Выше по течению лодки были аккуратно вытащены на берег и уложены одна в другую, образуя фигуру наподобие чешуи, череда их белевших ребер и съеденных тенью уступов под ними напоминала выброшенные течением раковины. Рядом с ними через речку вел мостик на ушедших почти вровень с водой сваях, широкие доски его поблескивали от тончайшей наледи.

За мостом вновь начиналась белизна и осенний убор деревьев, поднимающихся по склону; к рассыпанным по снегу кроваво-красным кленовым листьям уже успела прилипнуть желтая березовая мелочь. В сумраке подступившего леса можно было разглядеть глубокие провалы под корнями деревьев на оползнях, а левее, перед мостиком, где река делала поворот, на крохотном островке щетинились копья начисто облетевшего за ночь орешника.
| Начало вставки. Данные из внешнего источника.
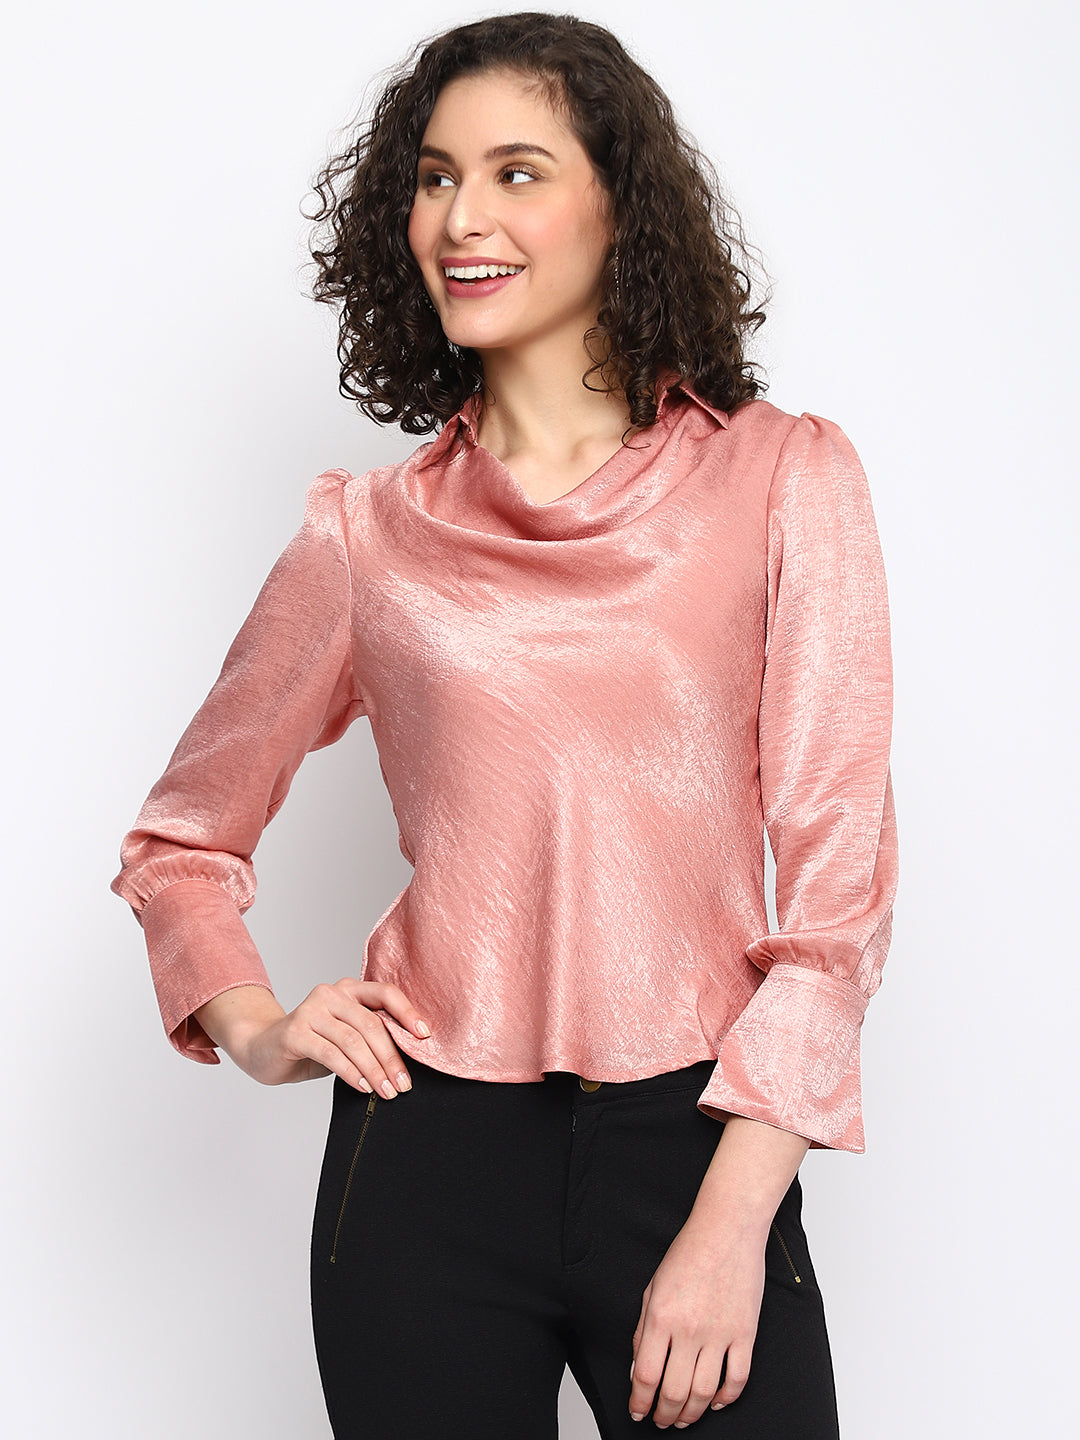 Pink Full Sleeve Solid Polyester Blouse

Дальше, на холмах, вновь играли в мозаику белые пятна прогалин и разноцветной листвы, на самом же гребне серела давно покинутая развалюха, и к ее разъехавшимся бревнам жалась тонкая красная рябинка. Было тихо, ни дуновения ветерка, и лишь какая-то пичуга негромко, с перерывами затягивала свою песню, каждый раз обрывая на самой высокой ноте, и, чуть подумав, начинала сначала. Справа к Диноэлу подобралась угловатая трехпалая тень, он обернулся.

Сосна. Одна, вышедшая из компании сестер у обрыва, с редкой, сбитой на сторону шапкой хвойной кроны; единственная, самая длинная мертвая корявая ветка с шелухой коры у основания оставалась голой и угрюмо упиралась в небо, словно посылая кому-то безмолвное проклятие. Прямо под сосной начинался размытый глинистый откос, и один из корней выходил из земли, выступая над рекой, и коленом уходил обратно, свешивая бахрому мелких корешков.

Ну что же, Скиф, подумал Диноэл, вот я и вернулся.